Optimizations in the Analysis Engine

HeapLens includes several performance optimizations:

Graph Building

  • Single-pass record scanning — UTF8, LoadClass, and HeapDump records are scanned in one pass
  • Pre-sized data structures — All major HashMaps use with_capacity() based on heuristics from the file size
  • Memoized inheritance chains — Class field layouts resolved once and cached

Dominator Computation

  • O(V+E) retained size computation — Stack-based DFS post-order traversal instead of iterative fixpoint
  • Vec-indexed stateretained_sizes, shallow_sizes, and node_data_map use Vec<T> indexed by NodeIndex for cache-friendly sequential access

Memory Management

  • Arc-wrapped AnalysisState — Cloning state references for concurrent access is a single atomic increment
  • String interning — Class names use Arc<str> shared across all instances of the same class
  • Explicit drops — Intermediate data structures (string table, class field info) are explicitly dropped after their last use

Tips for Large Files

Before Analysis

  1. Close unnecessary applications to free RAM
  2. Ensure sufficient disk space — Memory mapping may use swap if RAM is low
  3. Use SSD storage for the HPROF file

During Analysis

Monitor the hprof-server process:

# macOS
top -pid $(pgrep hprof-server)

# Linux
htop -p $(pgrep hprof-server)

Expected behavior:

  • CPU usage: one core at 100% during graph building and dominator computation
  • Memory usage: climbs to 3-4x file size, then stabilizes at 1-2x

If Analysis Fails

  • SIGKILL (exit code 137) — Out of memory. Close other applications or analyze on a machine with more RAM.
  • Timeout in VS Code — The extension has a 30-second default timeout for RPC requests, but analyze_heap uses an async notification pattern that is not subject to this timeout. If the webview shows an error, check the Output channel for the actual error.
  • Corrupt file errors — The HPROF file may be truncated.
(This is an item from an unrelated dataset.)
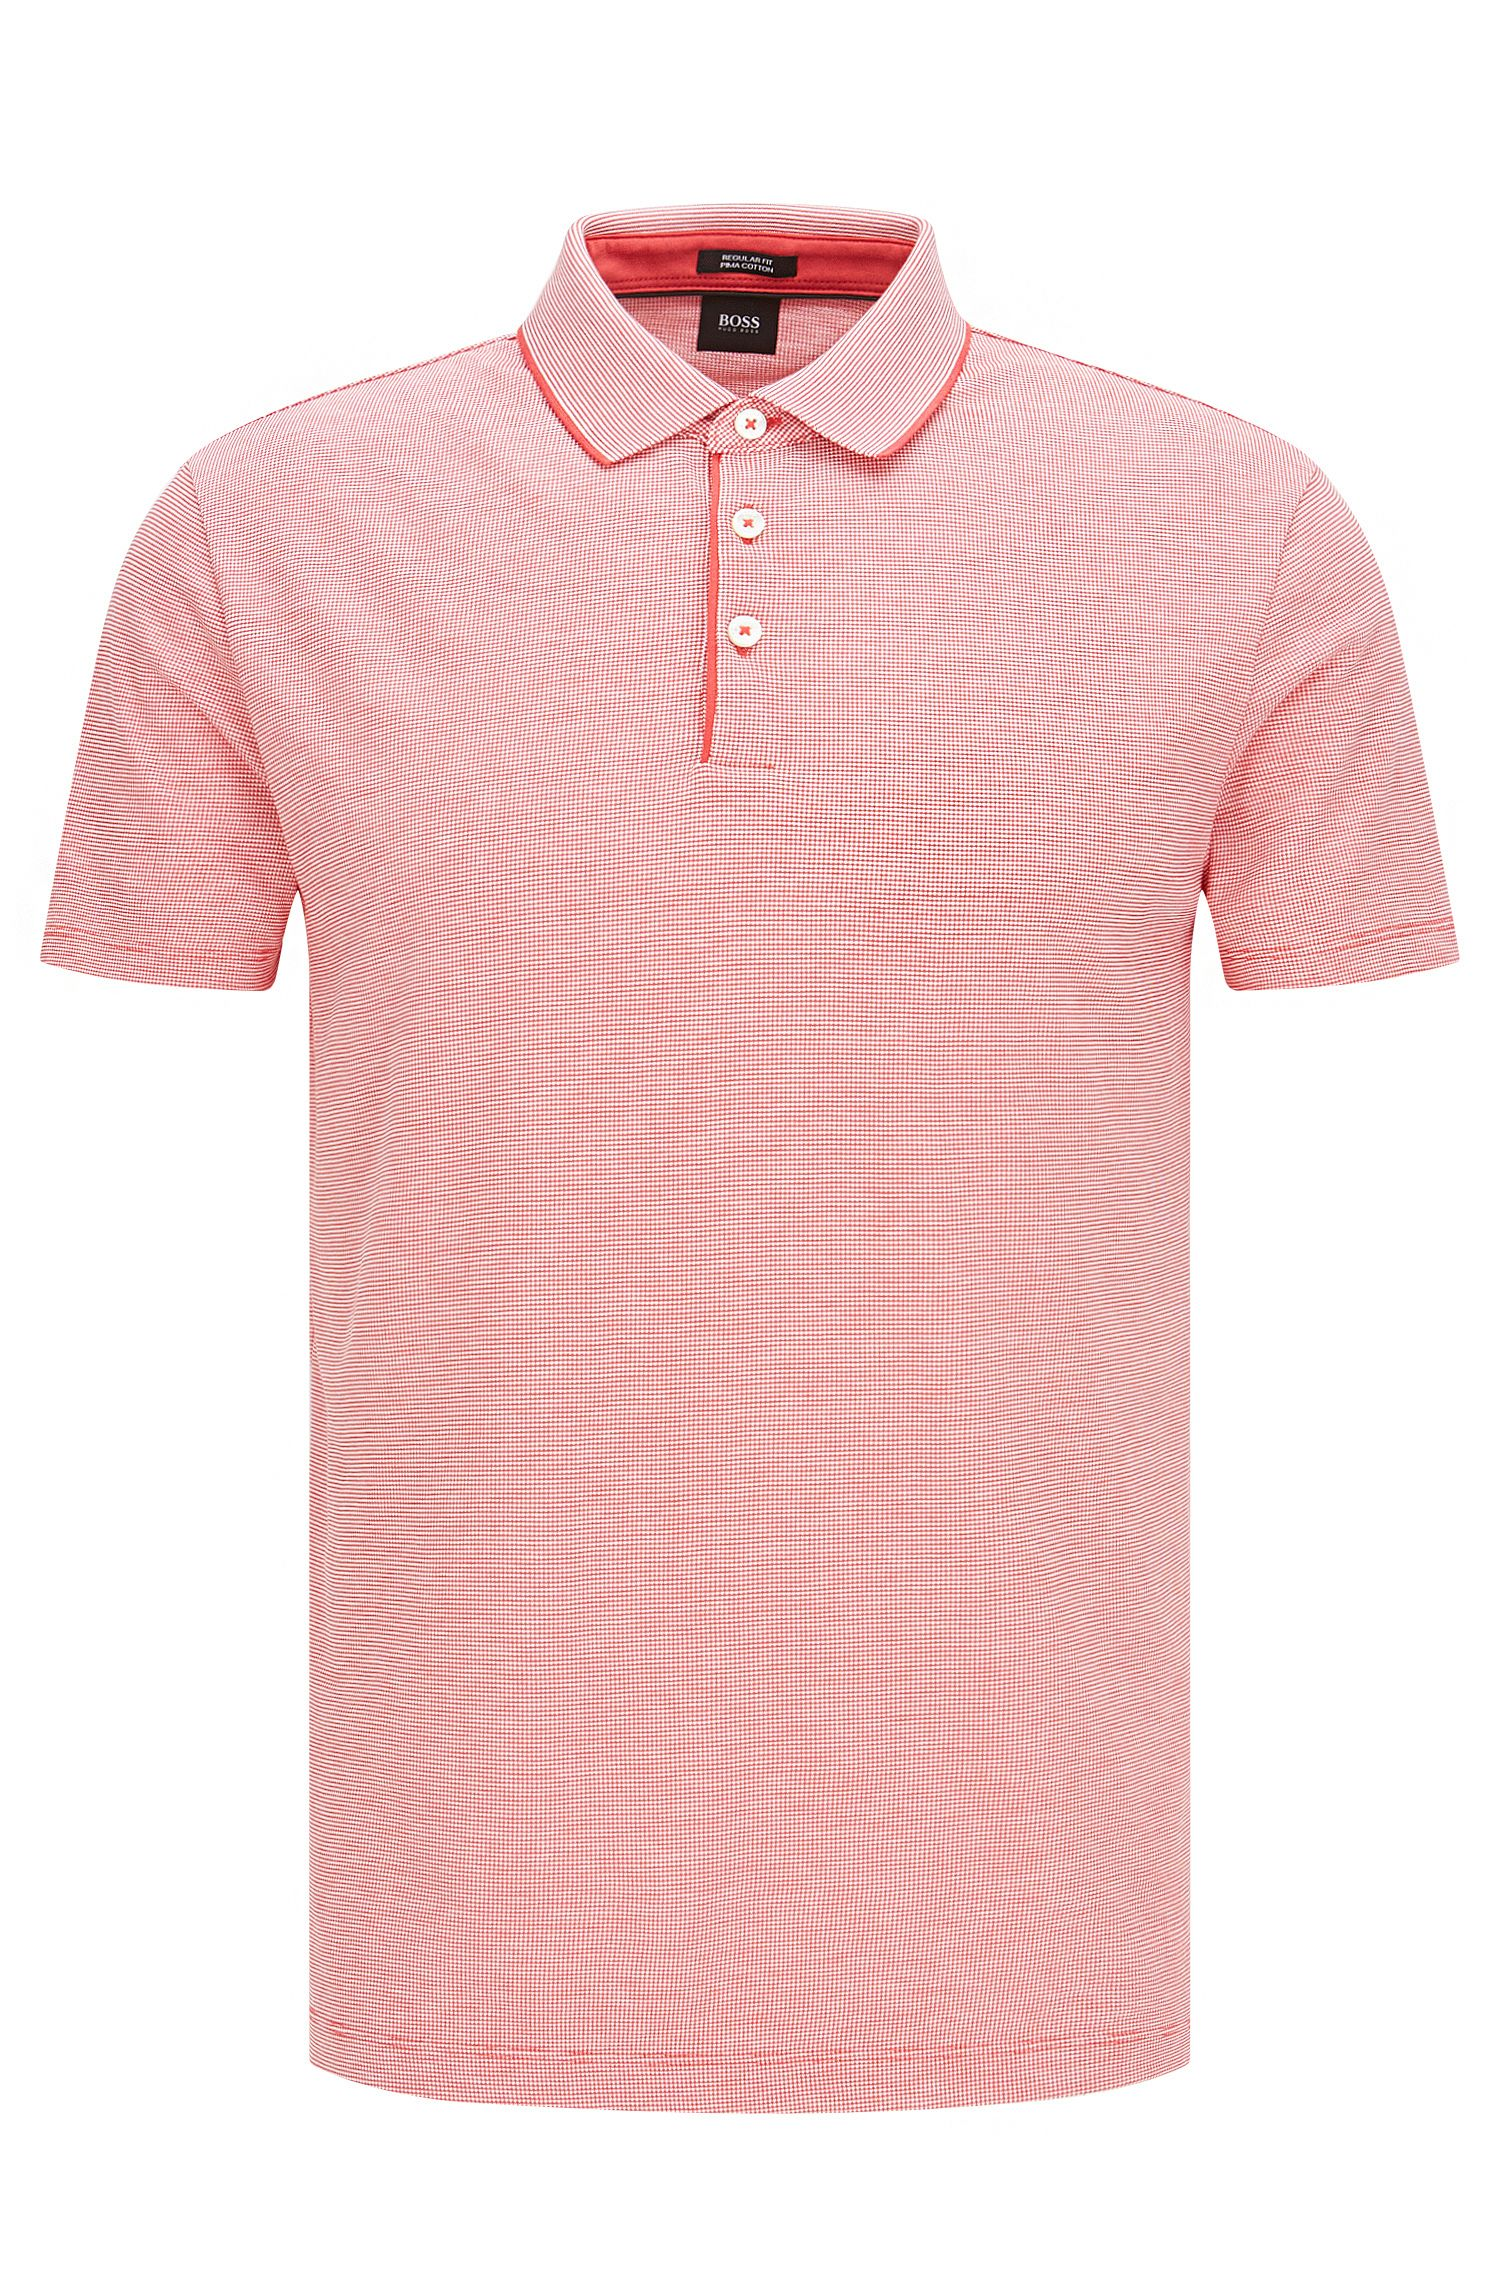 'Pack' | Regular Fit, Pima Cotton Polo Shirt

Re-capture the heap dump.

Benchmarks

Approximate analysis times on a MacBook Pro (M1, 16 GB RAM):

FileSizeObjectsEdgesGraph BuildDominatorsTotal
Small service26 MB400K1.2M1.2s0.5s2.5s
Medium app212 MB3.1M12M12s4s18s
Large monolith1.1 GB14M58M55s18s80s

These timings include all phases: file mapping, graph construction, dominator computation, leak detection, histogram, and waste analysis.